== Exercise goal ==
Apart from the pictures, the listing is to be returned exactly.

== Dataset excerpt ==
= Beginning of Section =

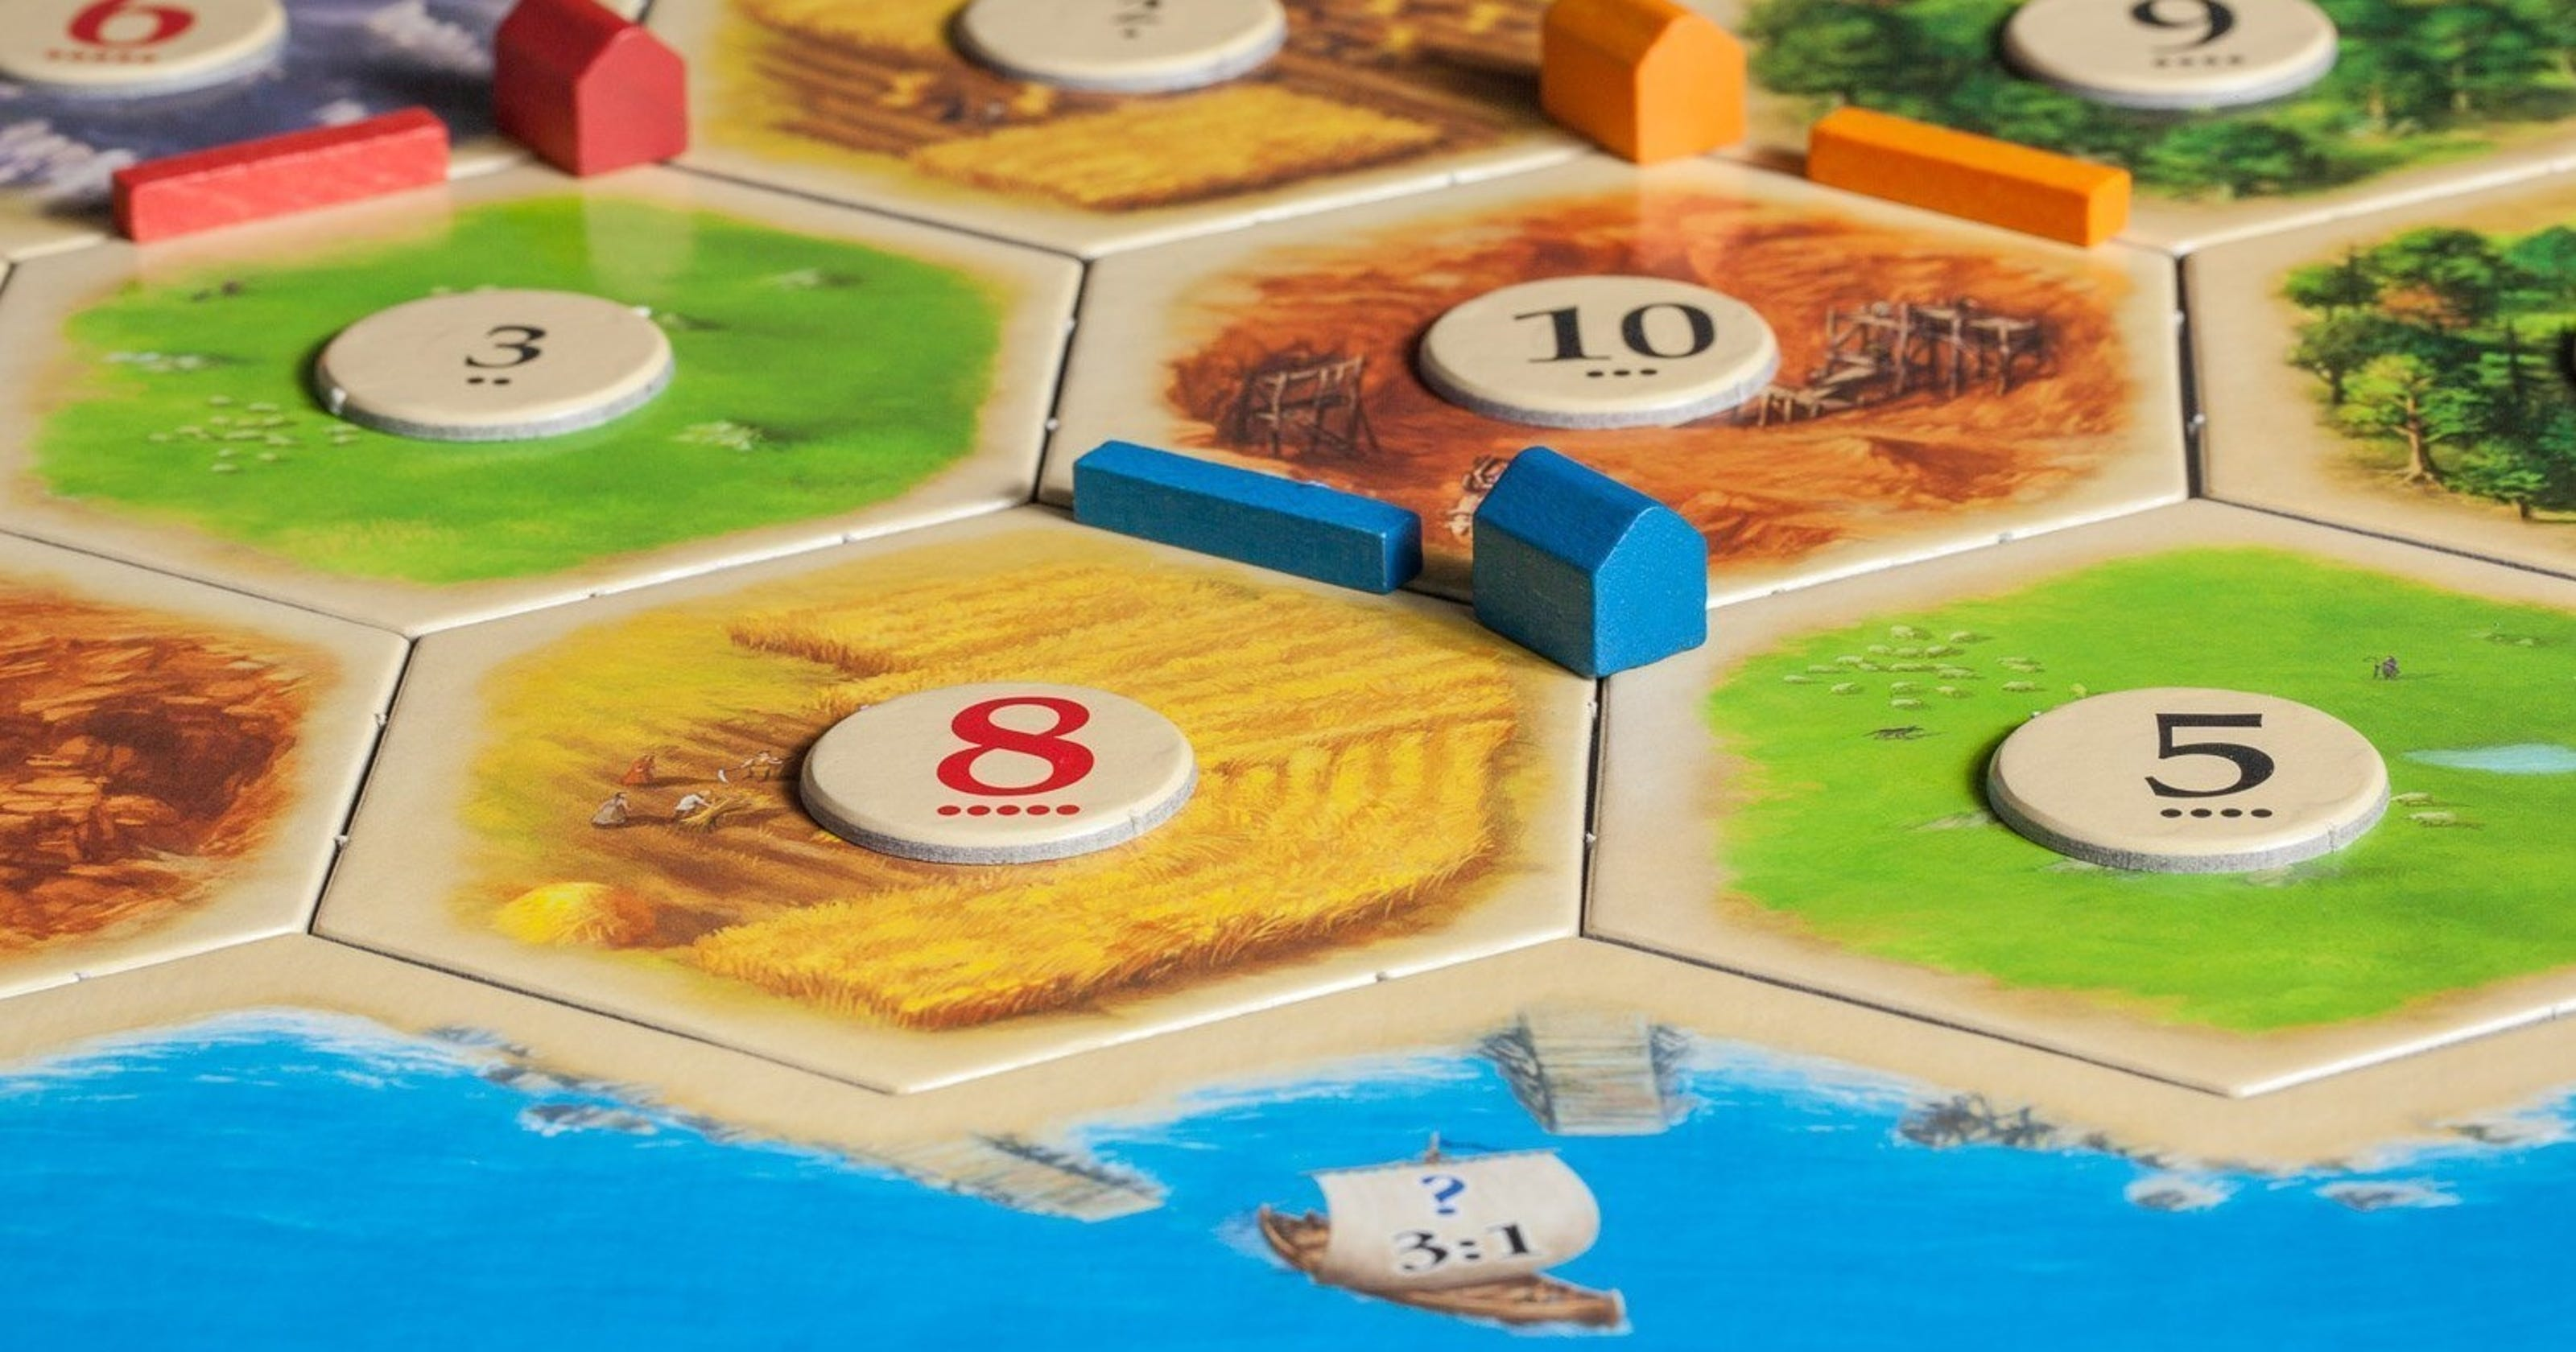 Beliebte Brettspiele
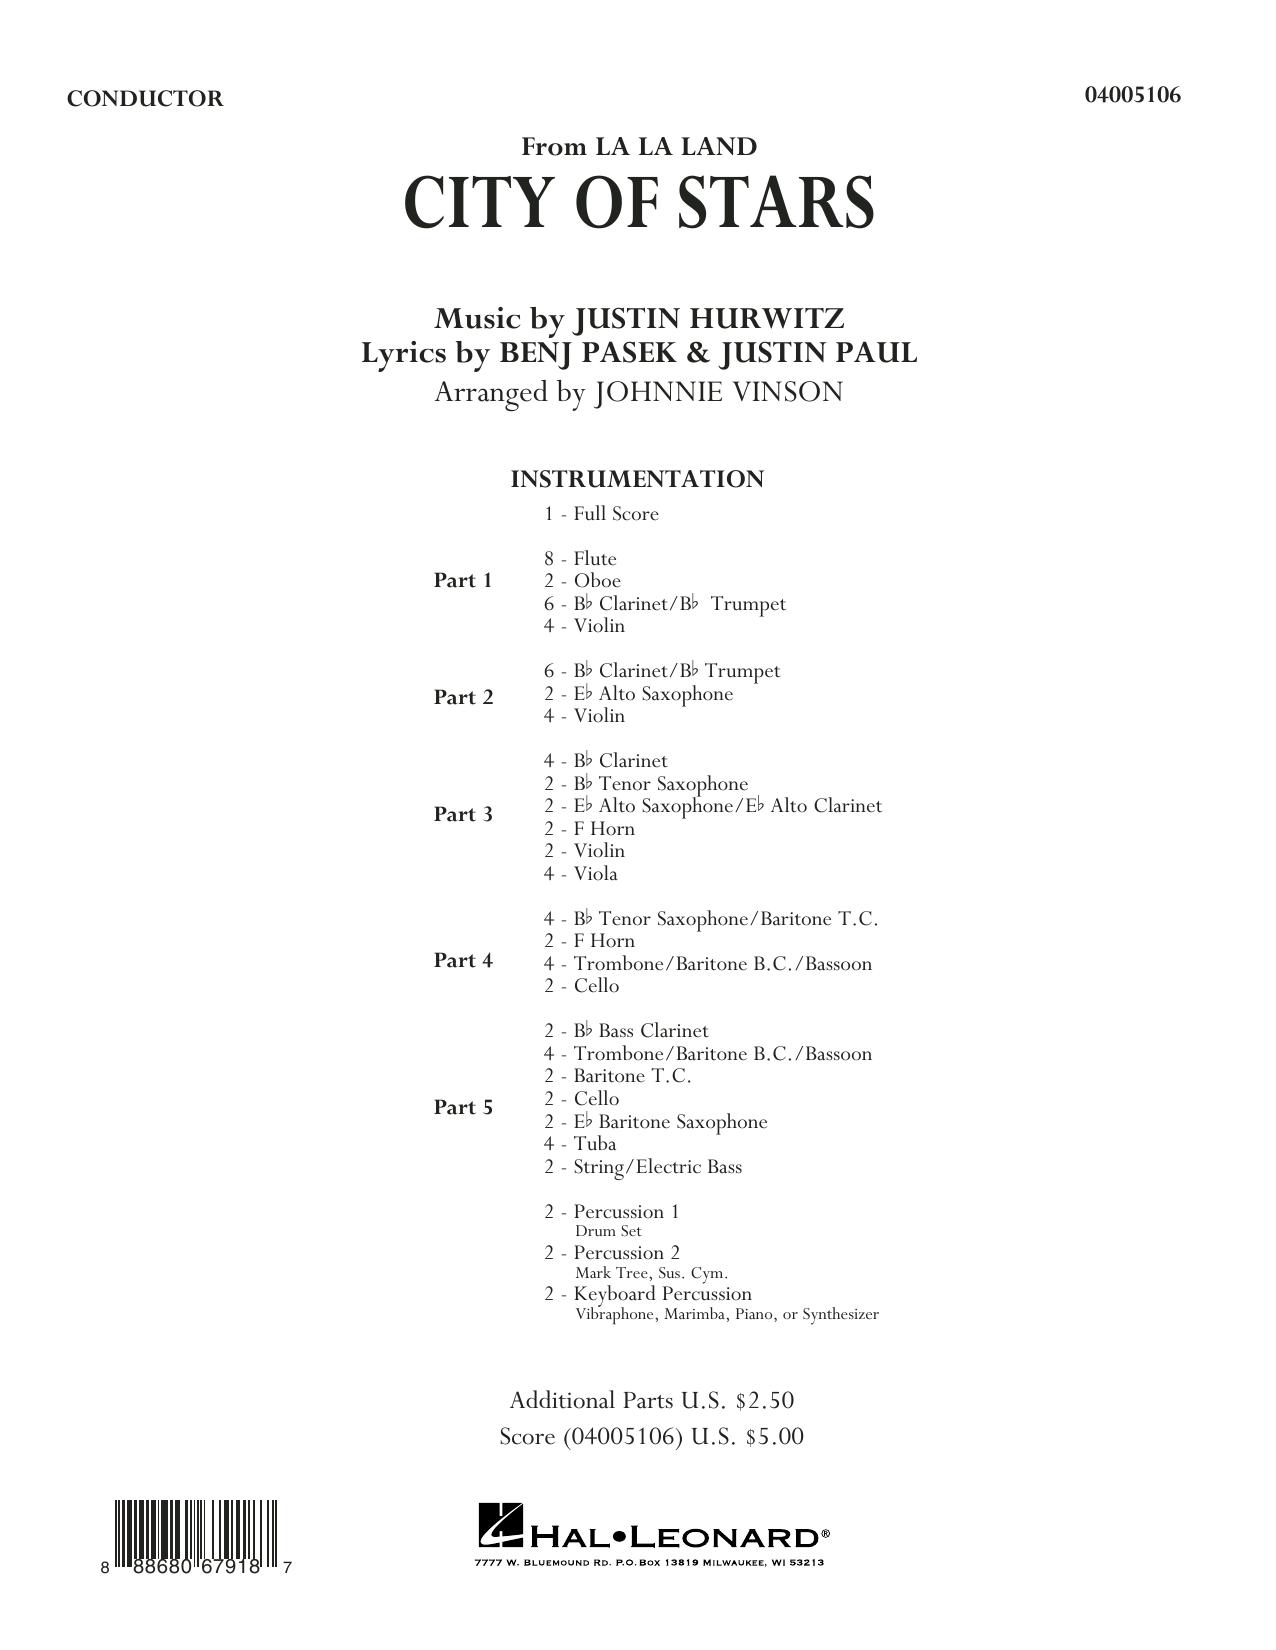 City of Stars (from La La Land) - Conductor Score (Full Score) Sheet Music
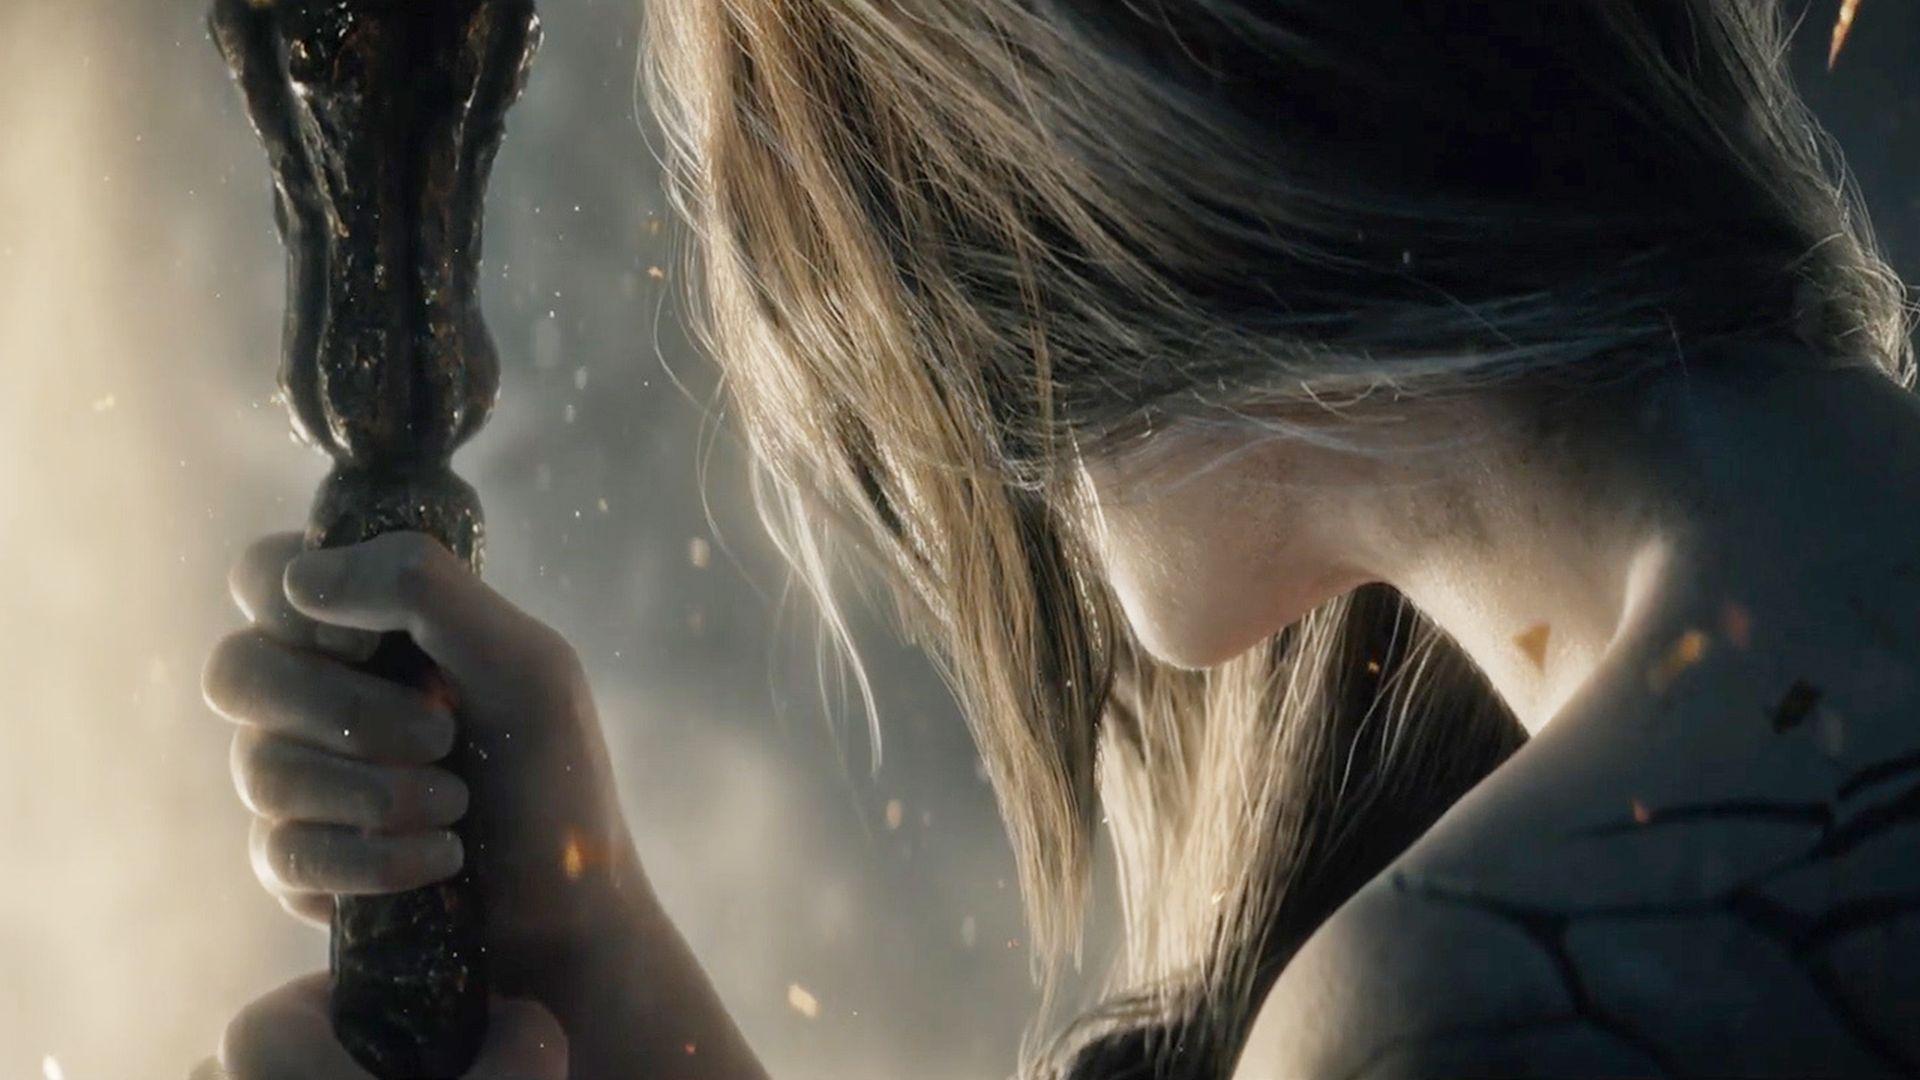 گزارش: بازی Elden Ring در رویداد Gamescom 2019 به صورت خصوصی نمایش داده خواهد شد

= End of Section =

== Result of the task ==
 Beliebte Brettspiele
 City of Stars (from La La Land) - Conductor Score (Full Score) Sheet Music
 گزارش: بازی Elden Ring در رویداد Gamescom 2019 به صورت خصوصی نمایش داده خواهد شد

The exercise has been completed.